Reviewed by P.P.O. Kane
The King’s Gambit for the Creative Aggressor
By Thomas Johansson
Schachverlag Kania, 2005
Quite an old book, having made its first appearance in 1998, but the King’s Gambit (1.e4 e5 2.f4) is itself a venerable opening and moreover one that has always promised entertaining and enterprising play, right from the start. It is still nowhere near to being refuted; and this excellent book provides, still, a useful survey of the opening.
The many complex positions that the King’s Gambit gives rise to present an ideal opportunity for learning how to exploit an initiative or a lead in development, and of course for learning how to attack. Johansson’s recommended repertoire is quite narrow and focused, as he himself concedes in the introduction, but it is thorough in regard to those lines that he does recommend. And note also that, like Joe Gallagher in Winning with the King’s Gambit (1993), he considers only the King Knight’s Gambit (3.Nf3) not, for example, 3. Bc4, the move favoured by Fischer.
Johansson begins by looking at various ways by which Black can decline the gambit (e.g. 2…Bc5 and 2…Qh4+) or go onto the offensive (with Falkbeer’s 2…d5 or 2…Nc6 3.Nf3 f5!?) at move two. His focus then shifts towards the intricacies of the King’s Gambit proper, where Black accepts the pawn (2…exf4 3.Nf3), including Fischer’s supposed ‘bust’ (3…d6) and the various tendrils that make up the Kieseritzky Gambit (3…g5 4.h4 g4 5.Ne5; and, incidentally, an interesting original suggestion of Johansson’s is 5.Nd4!? instead of 5.Ne5).
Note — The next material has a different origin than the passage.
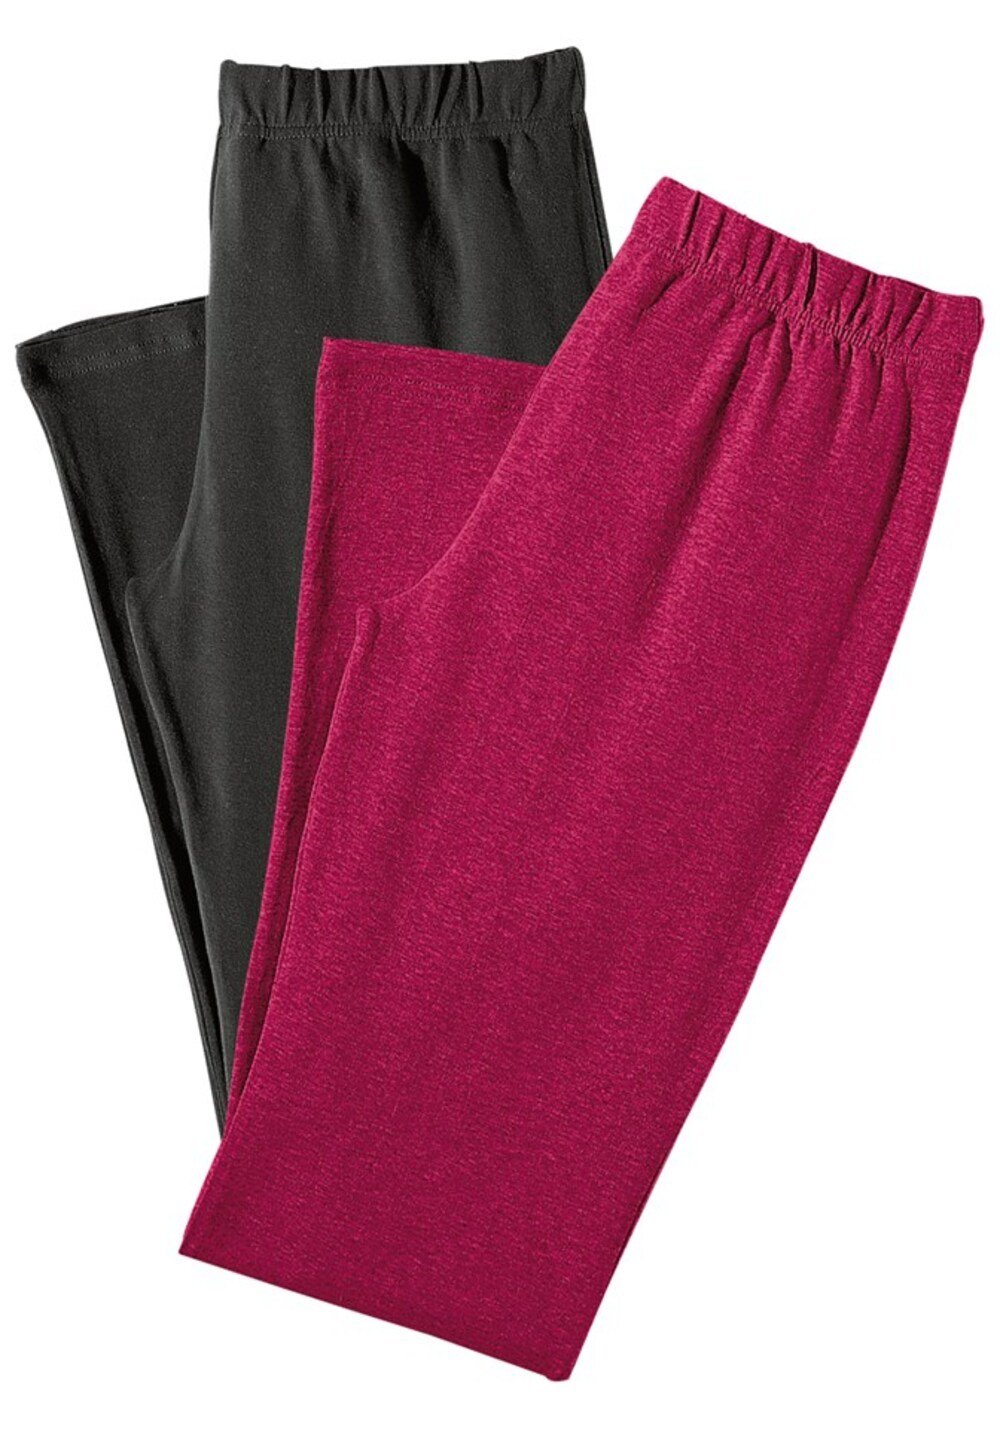 Узкие пижамные брюки VIVANCE, малиновый узкие леггинсы vivance малиновый

One practical advantage to playing the King’s Gambit is that you cannot get sidetracked into other openings. If you play the Spanish or the Scotch, for example, you have to reckon with encountering the Philidor or the Petroff (amongst others) instead. There’s none of that here: with 2.f4 White sets out his stall and determines the future course of the play.
This book is a good guide to some of the wares that the King’s Gambit has to offer.